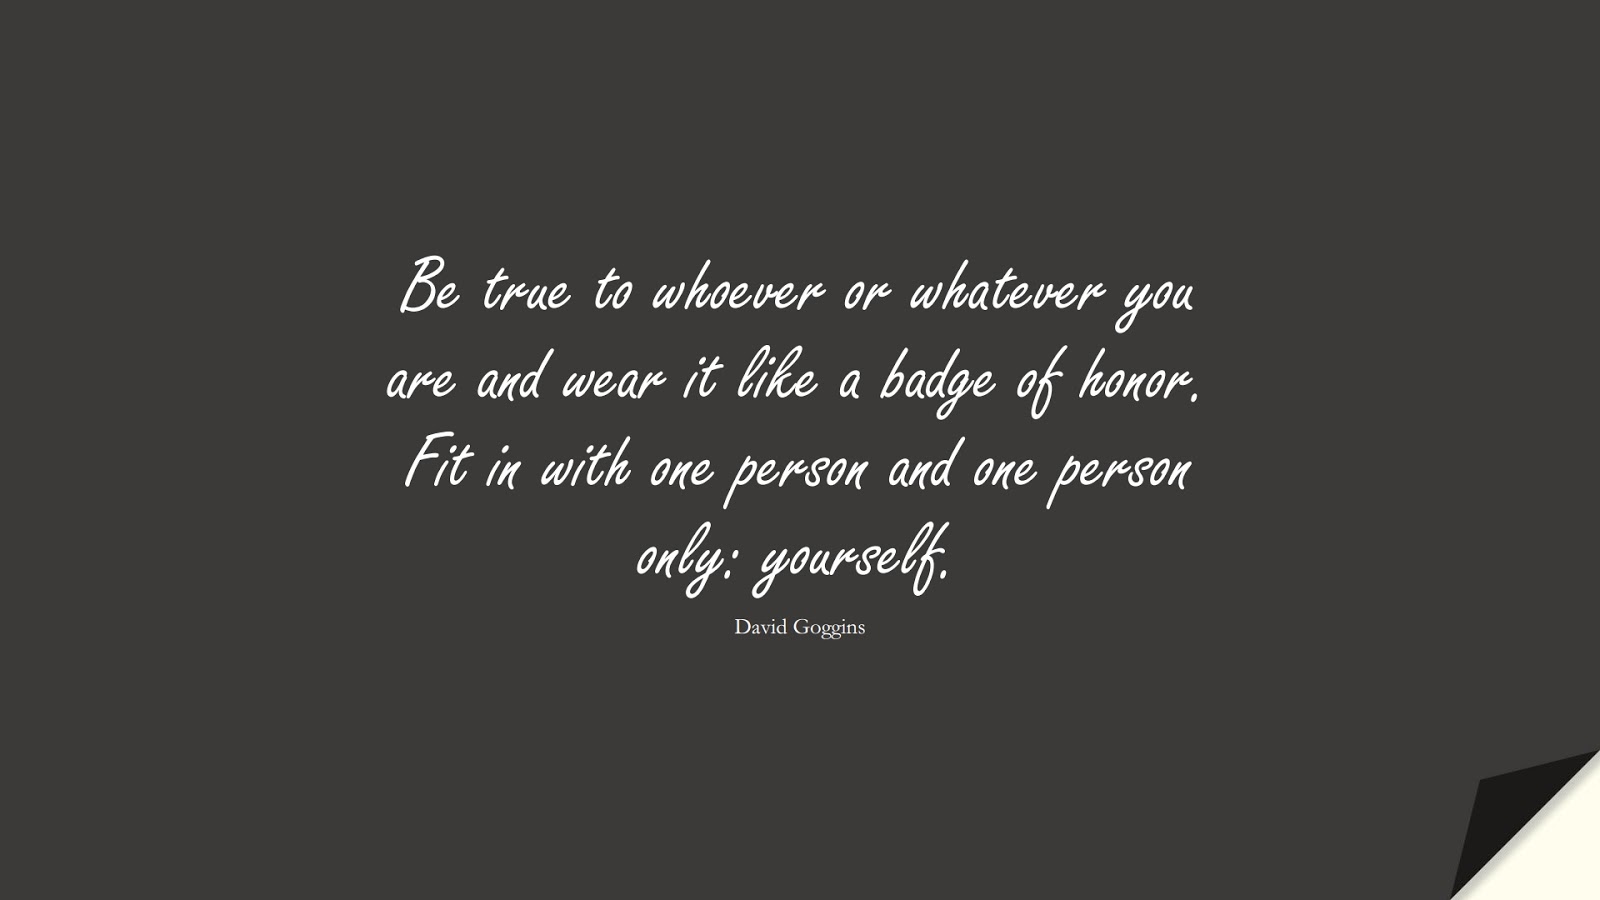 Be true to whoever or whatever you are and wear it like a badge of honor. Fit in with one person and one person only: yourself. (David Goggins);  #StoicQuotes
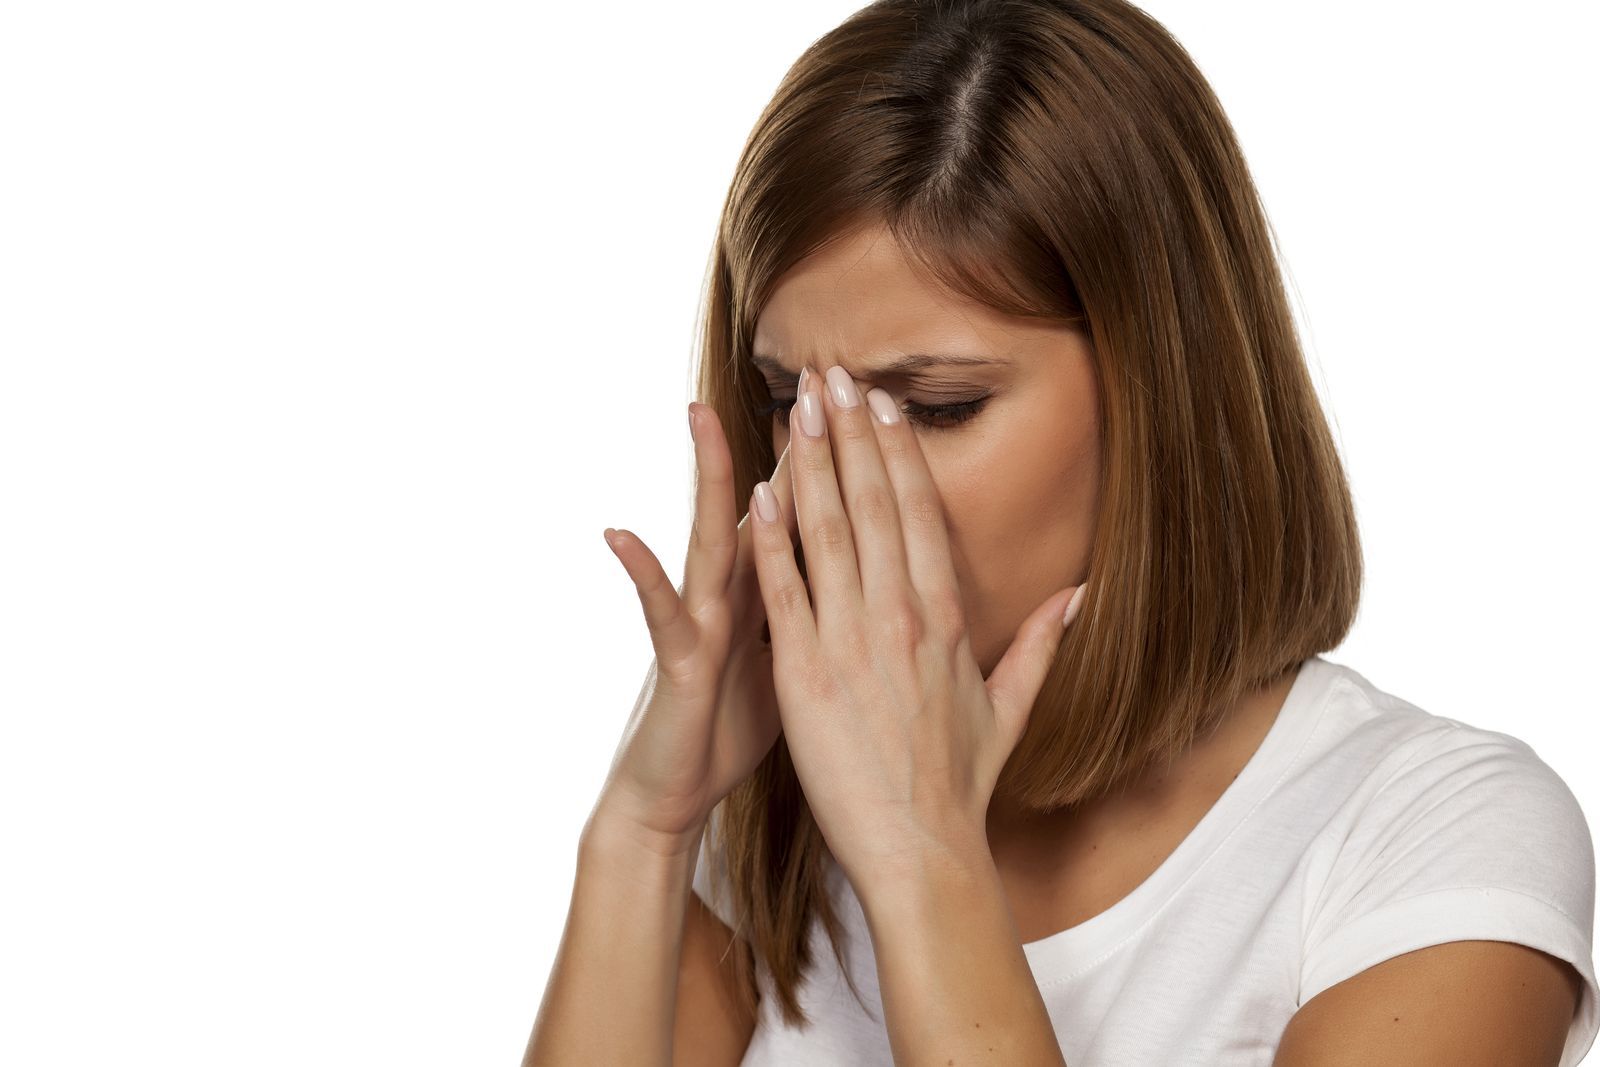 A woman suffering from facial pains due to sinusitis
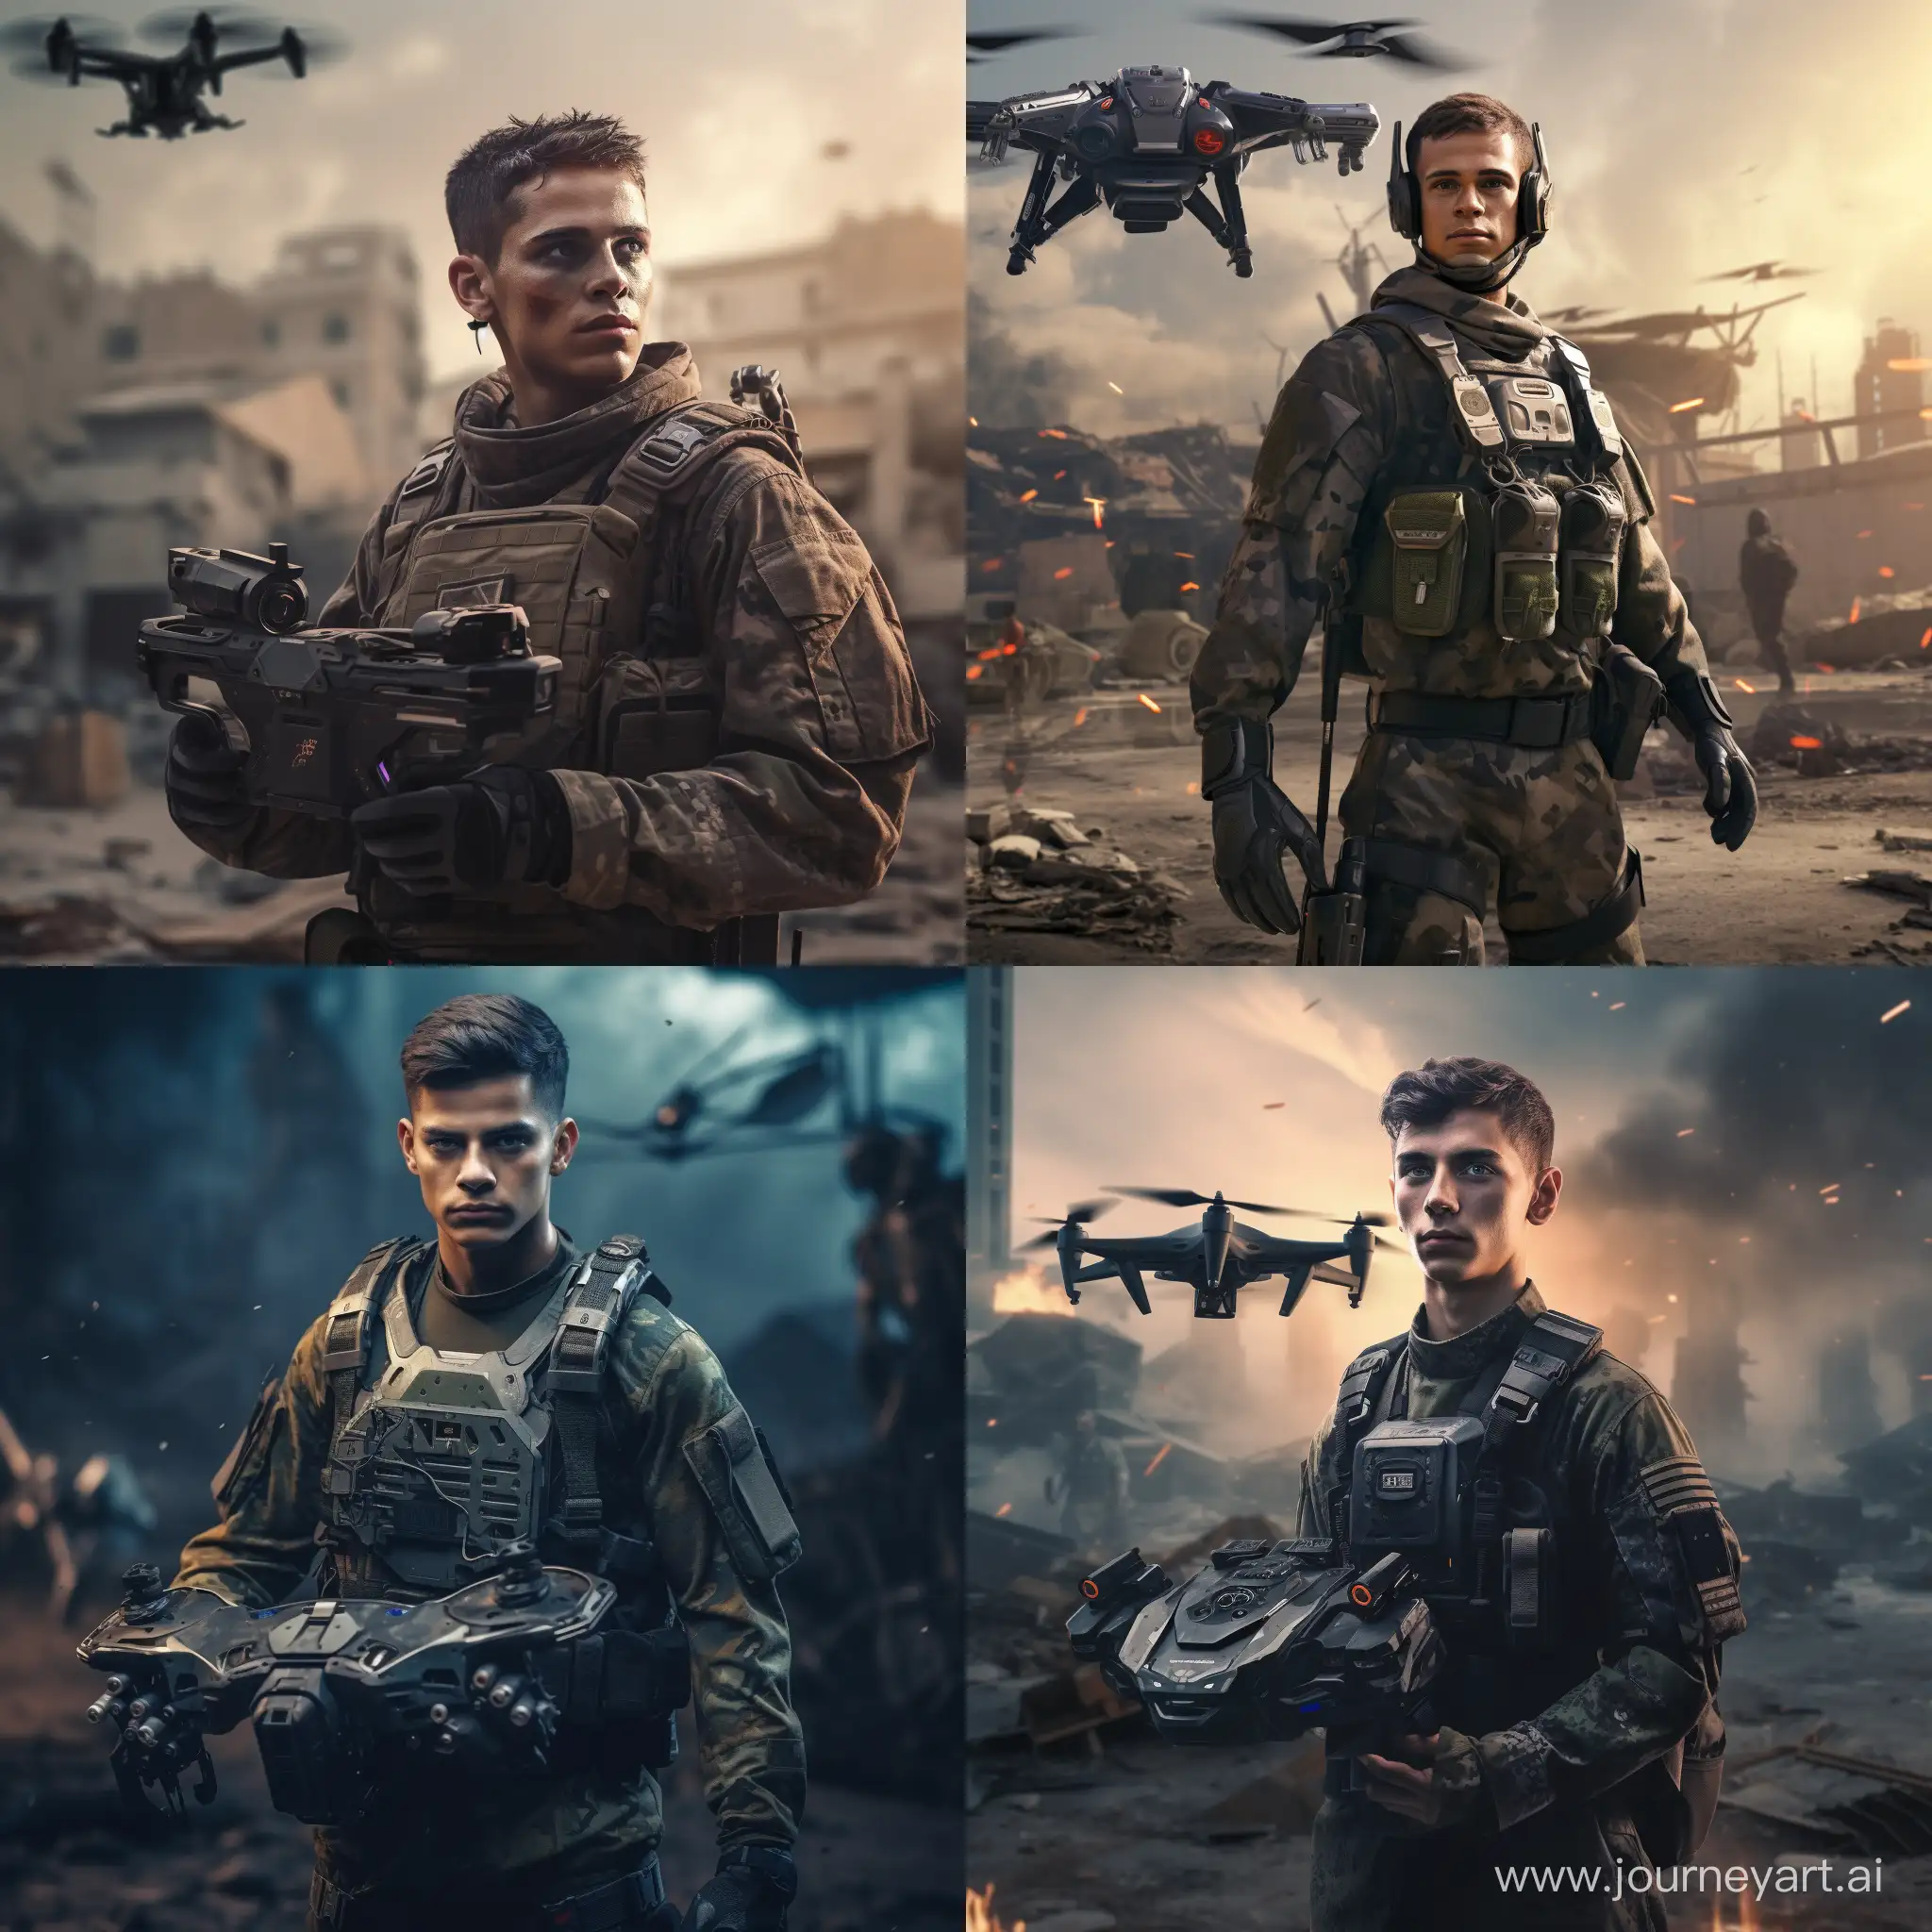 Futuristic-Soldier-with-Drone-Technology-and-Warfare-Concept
+ + +
• **What you will do**
From the first line to the last, please copy the data exactly, with the pictures left out.

• **Solution to the exercise**
 Be true to whoever or whatever you are and wear it like a badge of honor. Fit in with one person and one person only: yourself. (David Goggins);  #StoicQuotes
 A woman suffering from facial pains due to sinusitis
 Futuristic-Soldier-with-Drone-Technology-and-Warfare-Concept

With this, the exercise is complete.